By this point in the already-interminable ’08 election season, the temptations of the holidays are beginning to seduce even devoted political junkies away from Iowa, New Hampshire, and their YouTube satellites. Campaign reporters—being only human—are also a little distracted by holiday cheer. Witness the New York Times’ post-Thanksgiving report on the candidates’ eating habits (Barack Obama looks as though someone had to Photoshop a corndog into his hand; Rudy Giuliani will steal your food), or yesterday’s giddy recounting of the brimming happiness of Dennis Kucinich. But Tuesday’s piece in the American Spectator almost defies explanation. In a long essay lamenting the nastiness of politics, writer and former Reagan political director Jeffrey Lord (aka He-For-Whom-YouTube-Is-Too-Liberal), proclaims that his Christian faith obligates him to say something nice about each of the Democratic candidates. In “Merry Christmas to the Opposition,” he praises Hillary Clinton for being “a great Mom” and commends John Edwards for inspiring people “to just keep their heads down and stay on their respective tasks in life.”
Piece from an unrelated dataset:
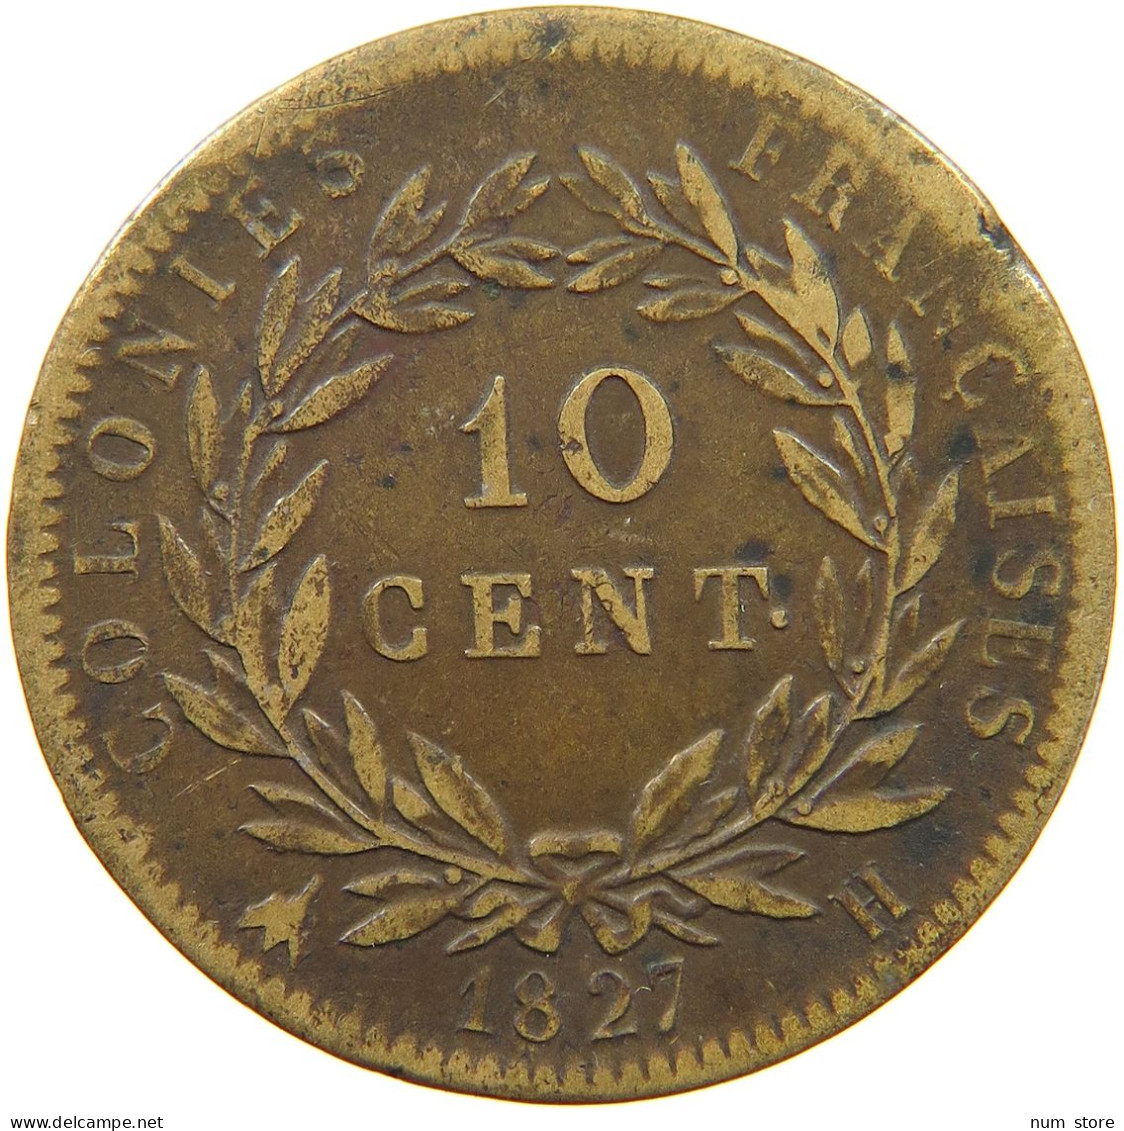 FRANCE COLONIES 10 CENTIMES 1827 H Charles X. (1824-1830) #t120 0395 - French Colonies (1817-1844)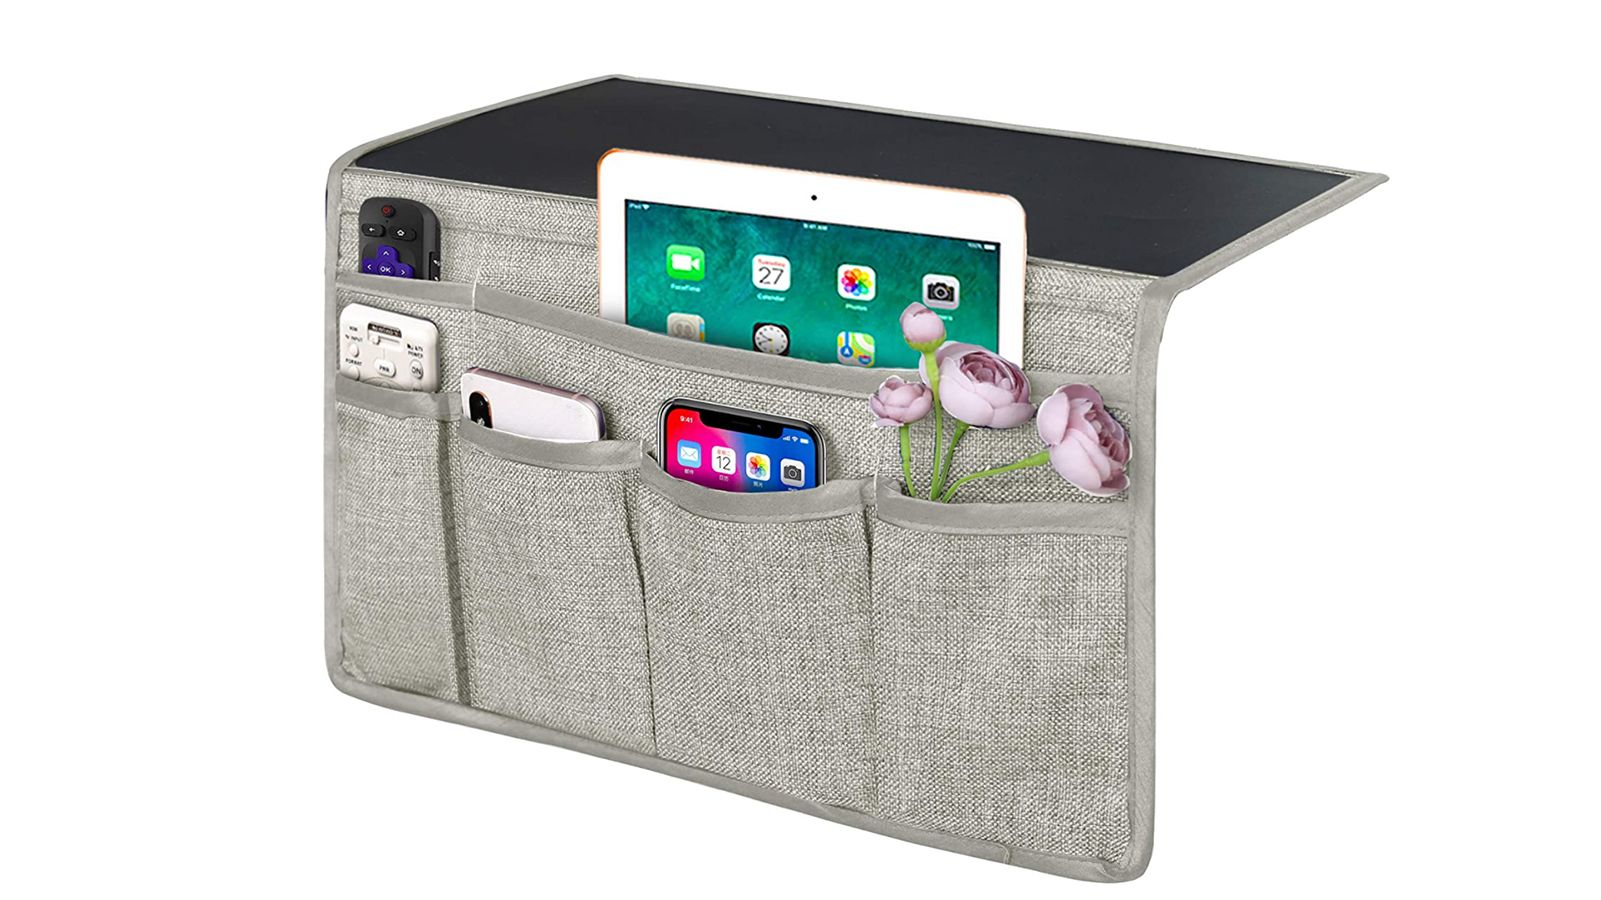 20 Bedroom Organization Products That Will Transform Your Room

Heartwarming, no? And incredibly patronizing. Despite going on for paragraphs about how
conversations with liberals inevitably result in “furious personal assaults that usually end with the liberal in question abruptly walking away or refusing to discuss the issue,” he makes no effort to show respect for any of the candidates’ actual work, ideas, or positions. No, he’s not obligated to do this—maybe he doesn’t respect those positions. But to accuse all liberals of refusing to engage their conservative counterparts on substantive issues and then refuse to do so oneself, citing the obligations that Christmas confers on us to rise above the fray, is so smug it’s almost offensive. Like the Republicans for whom the filibuster is an affront to the civility of Congress only when the Democrats are using it, Mr. Lord needs to tone down the self-satisfaction and raise the level of dialogue to where he thinks it should be.